____ Available data

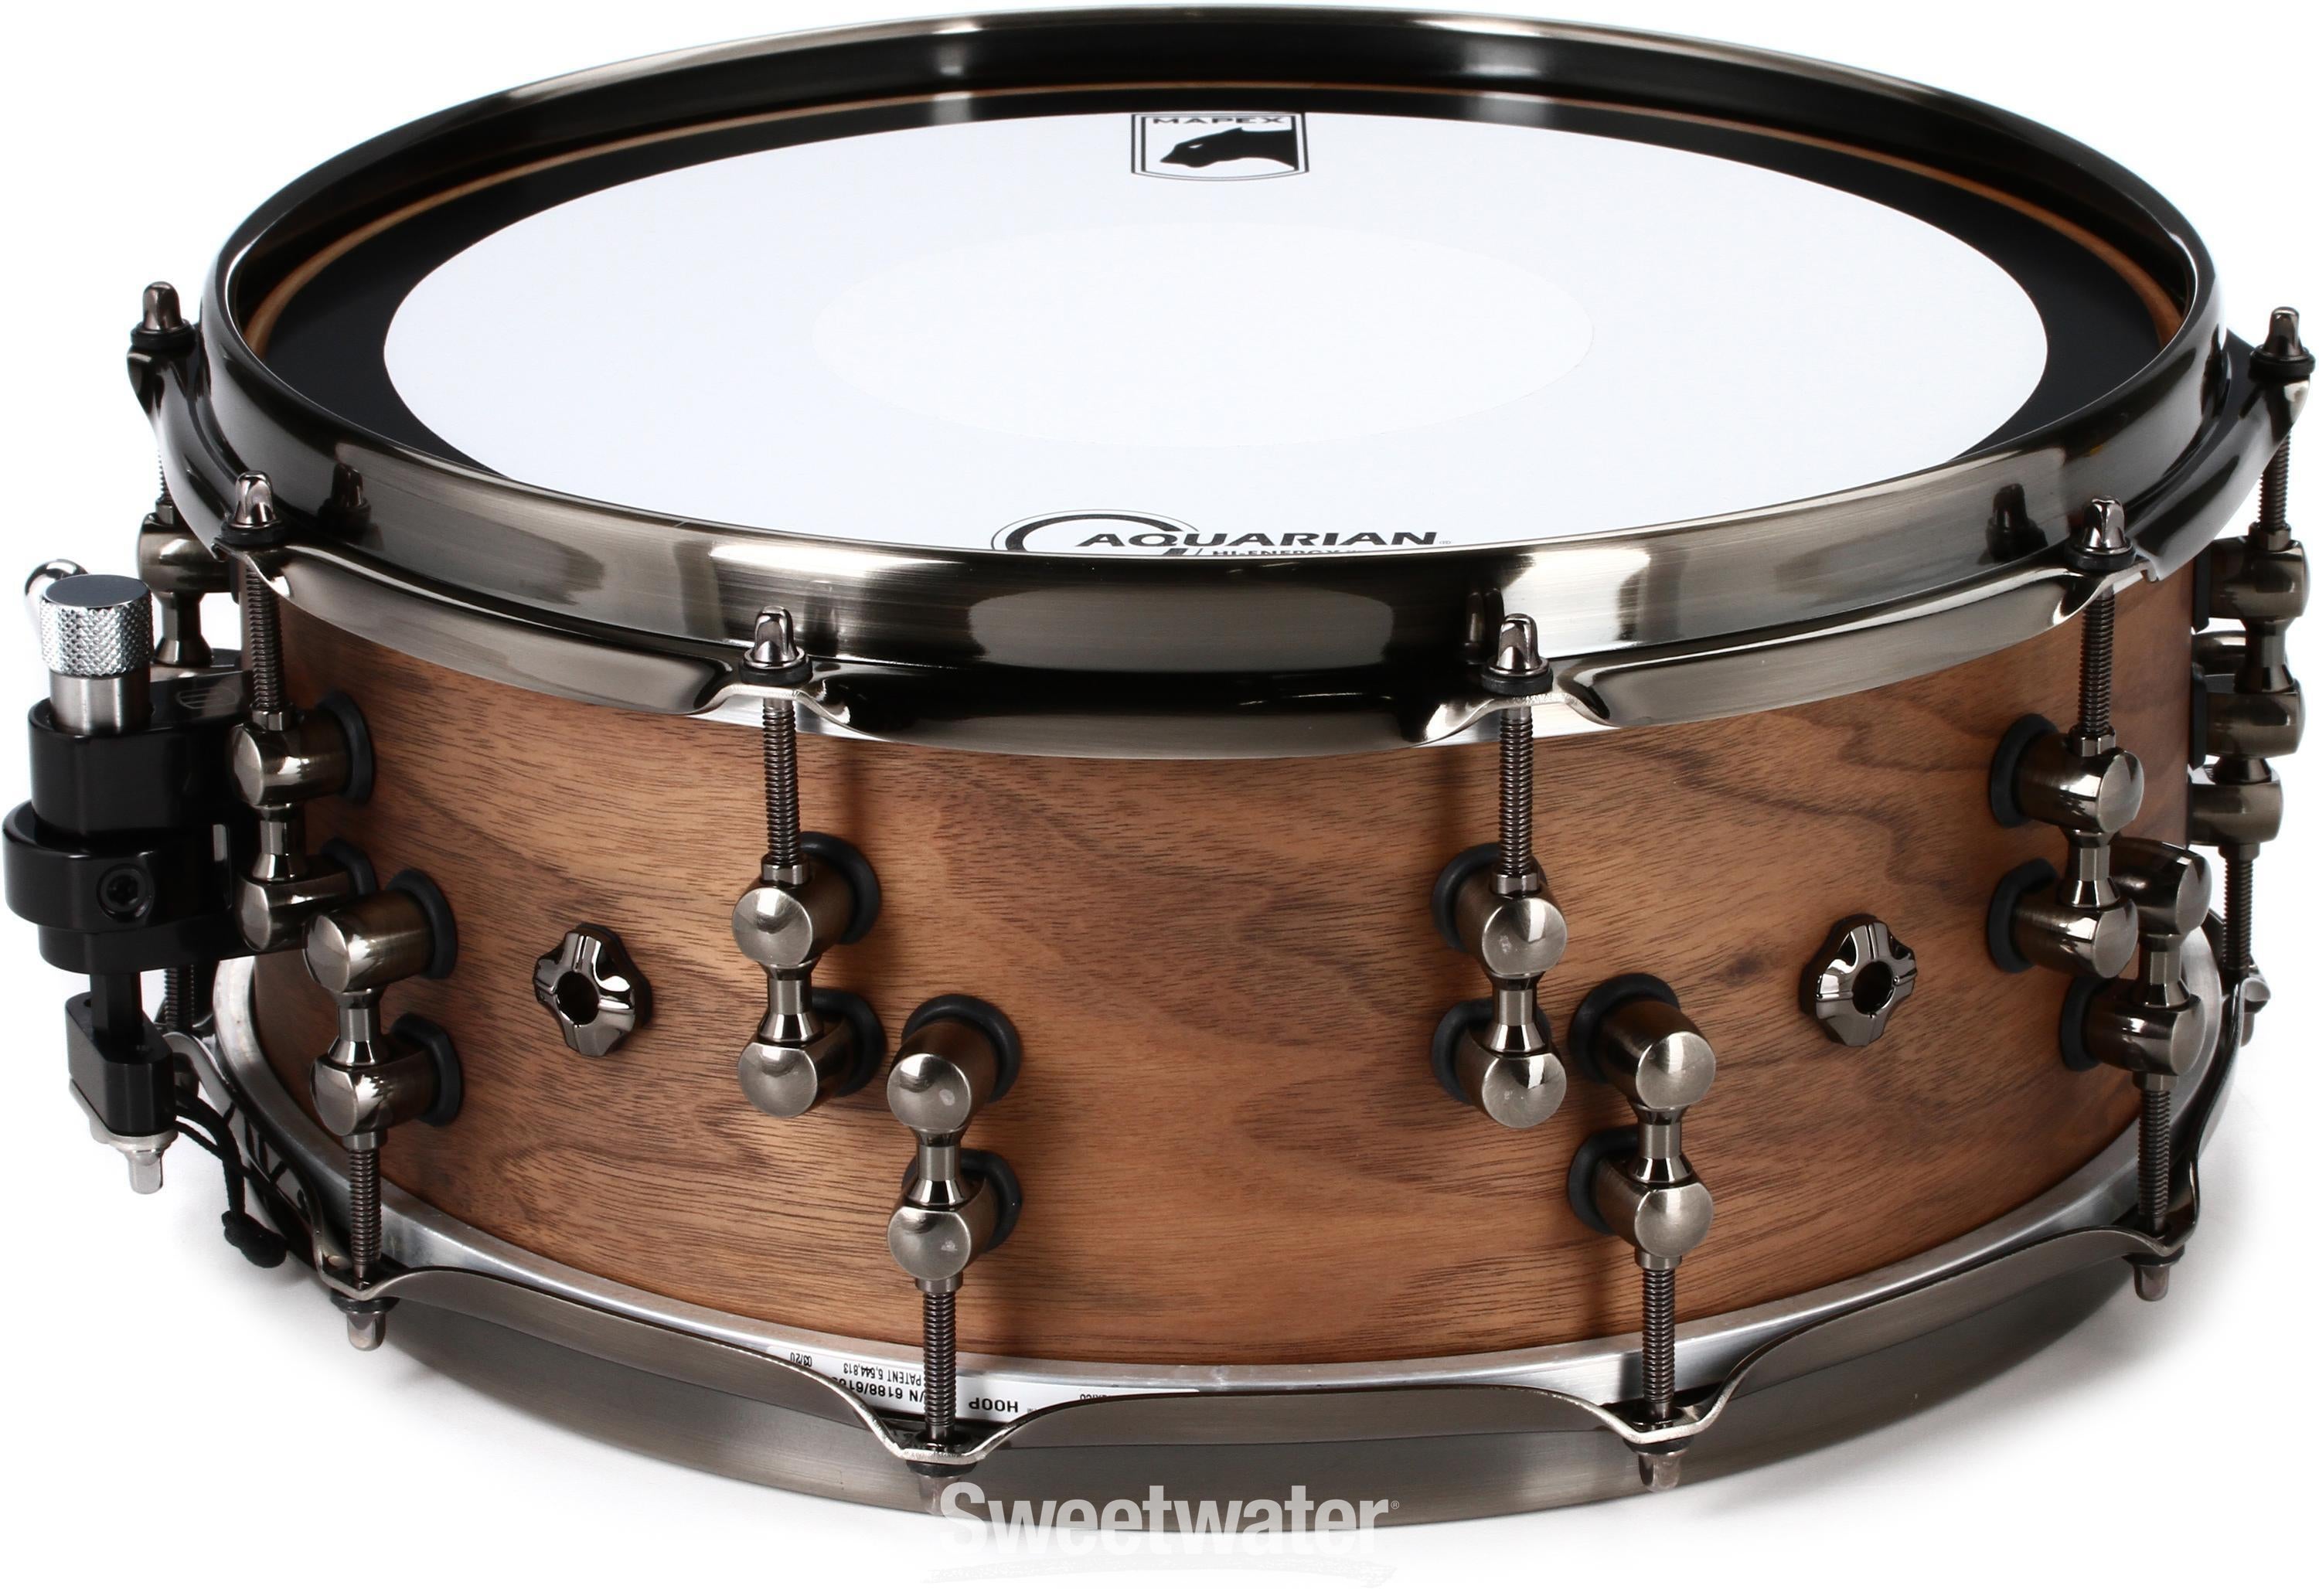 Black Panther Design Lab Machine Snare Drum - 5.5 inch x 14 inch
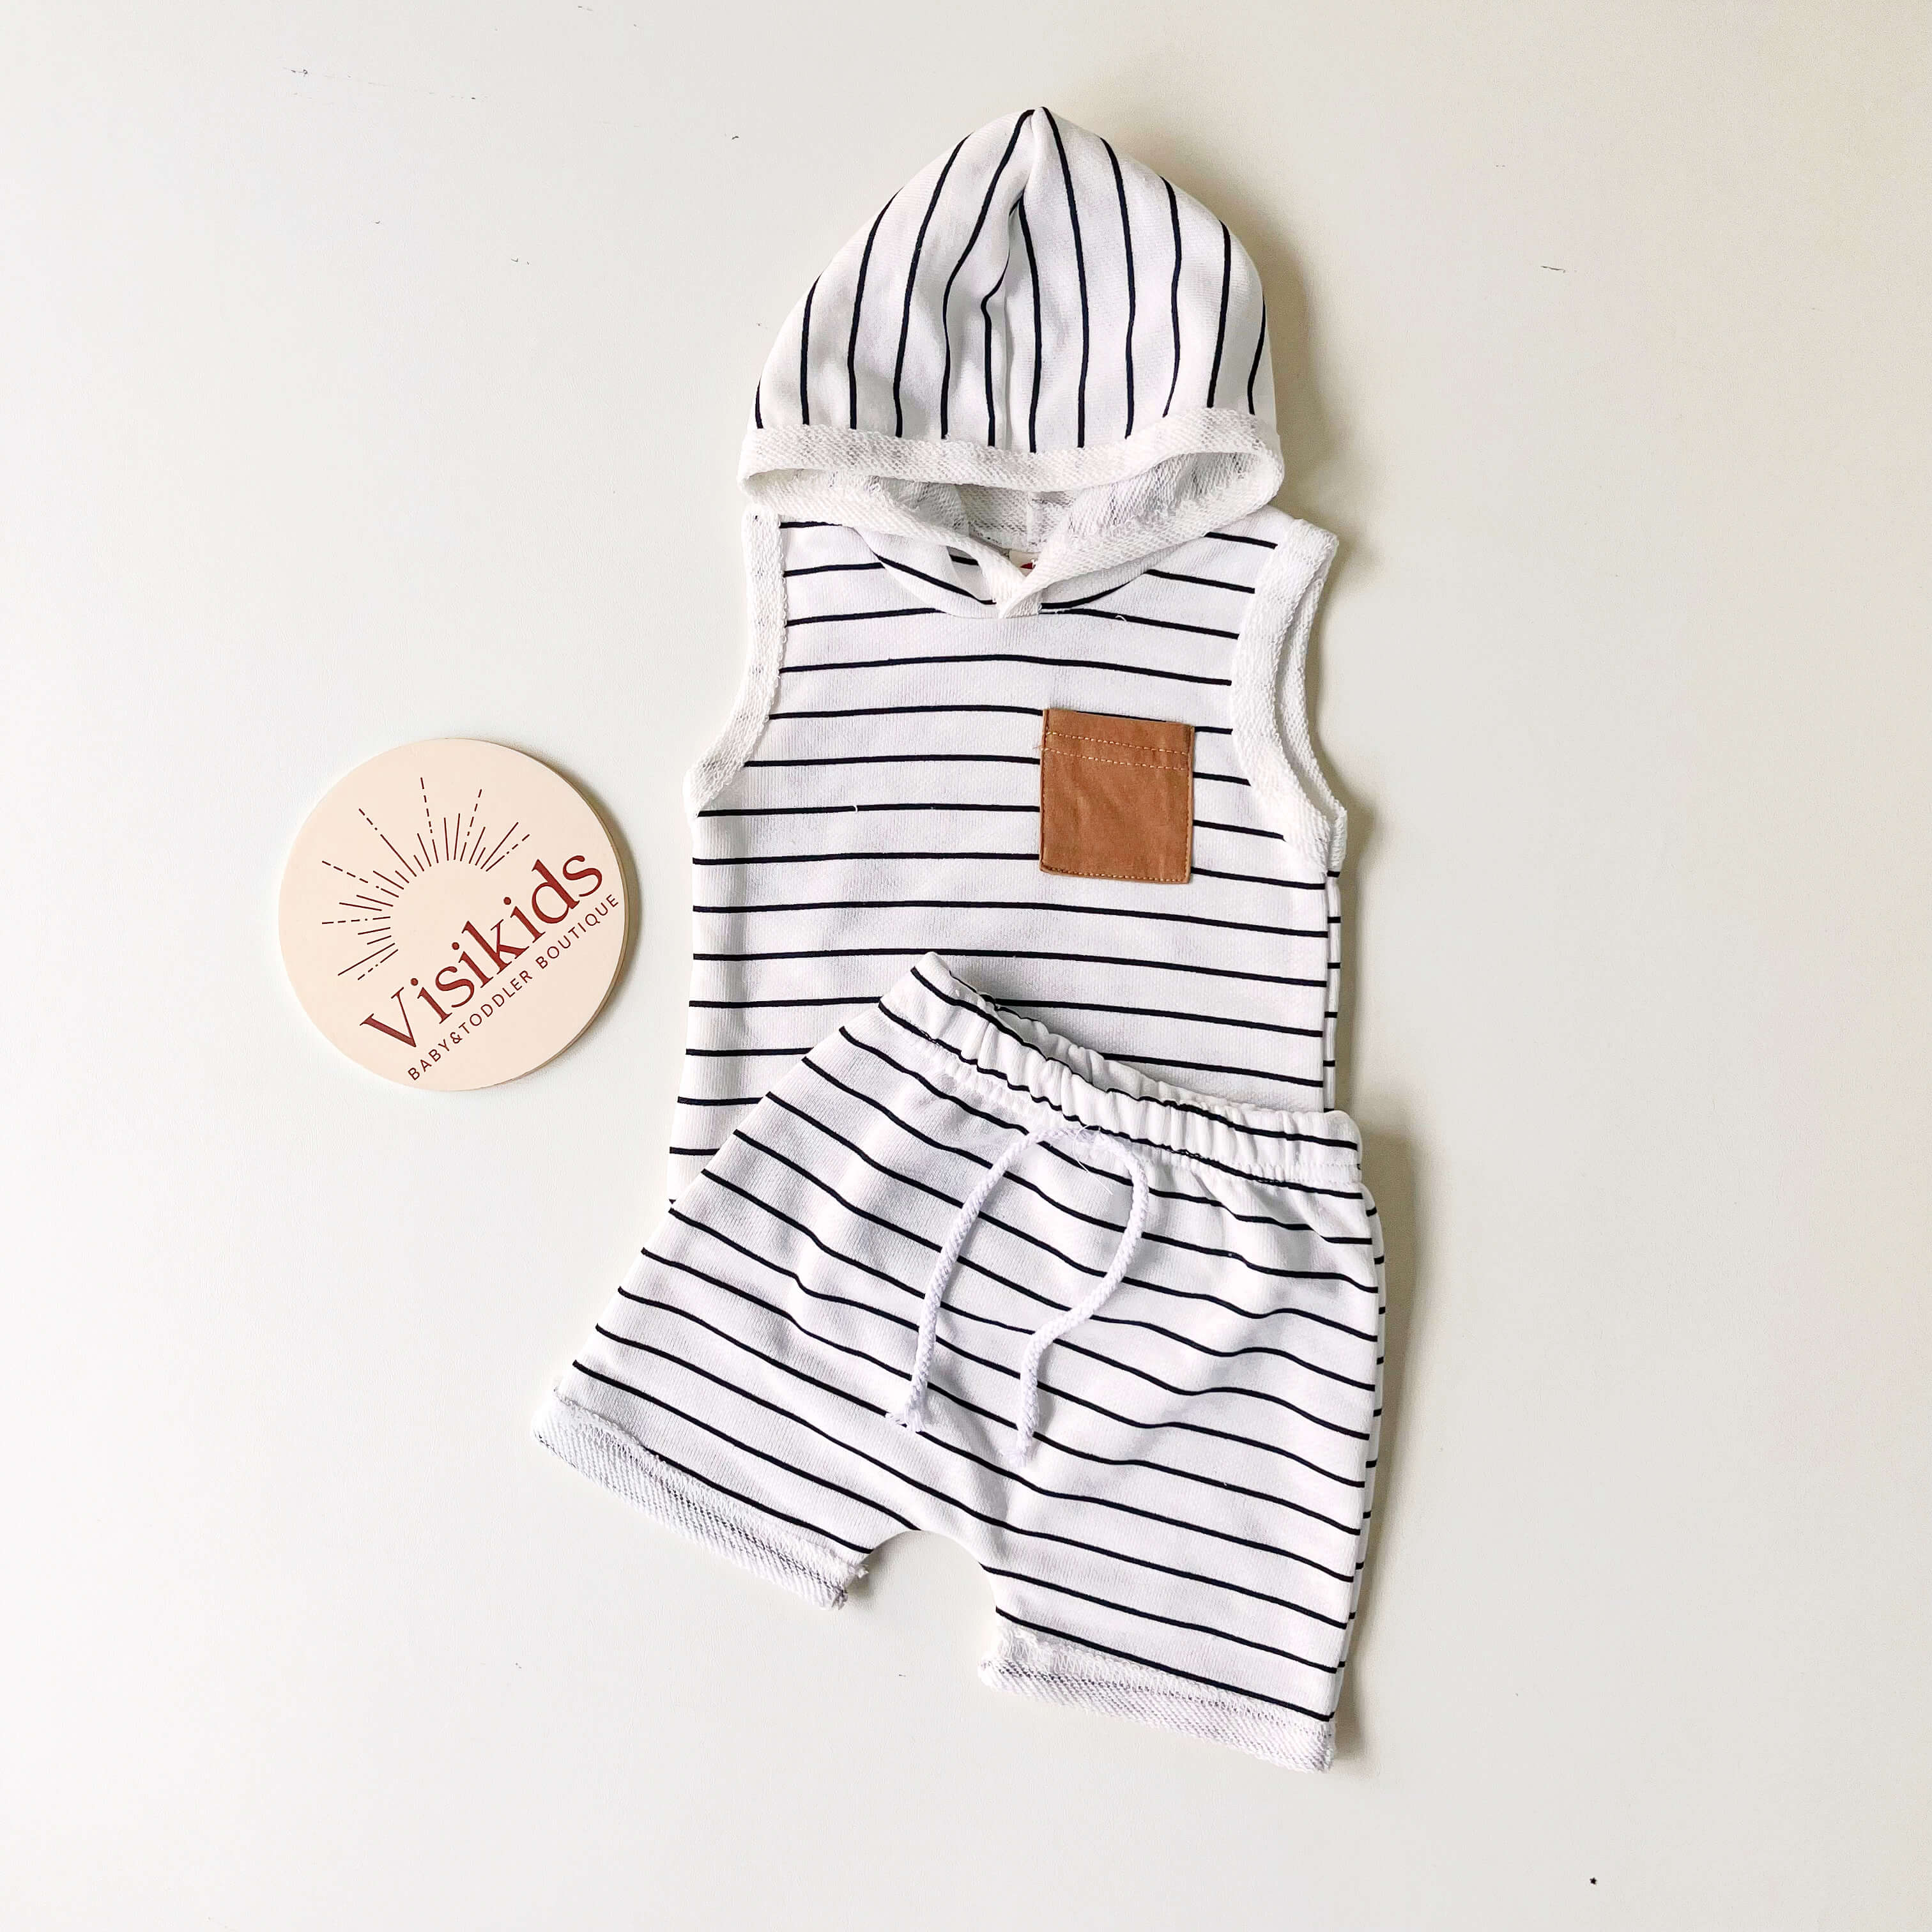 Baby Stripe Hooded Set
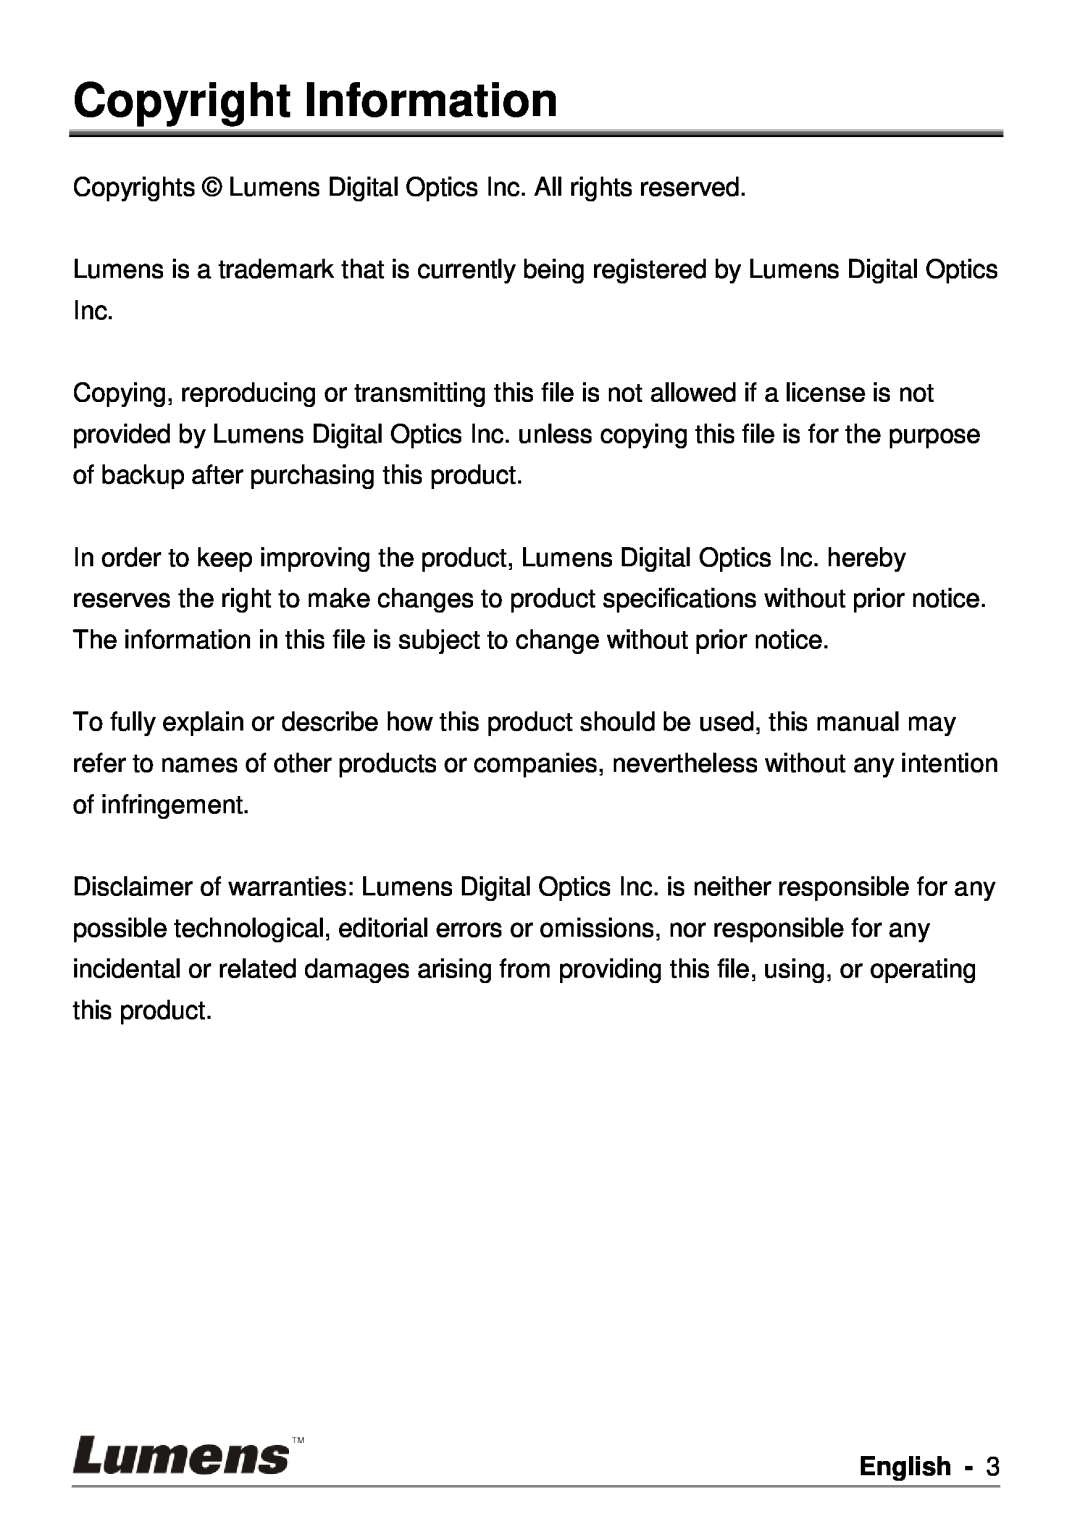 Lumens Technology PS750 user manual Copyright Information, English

________

Exercise description:
The answer should contain every line of the material exactly as written and no pictures.

Response area:
 Black Panther Design Lab Machine Snare Drum - 5.5 inch x 14 inch
 Baby Stripe Hooded Set
 Lumens Technology PS750 user manual Copyright Information, English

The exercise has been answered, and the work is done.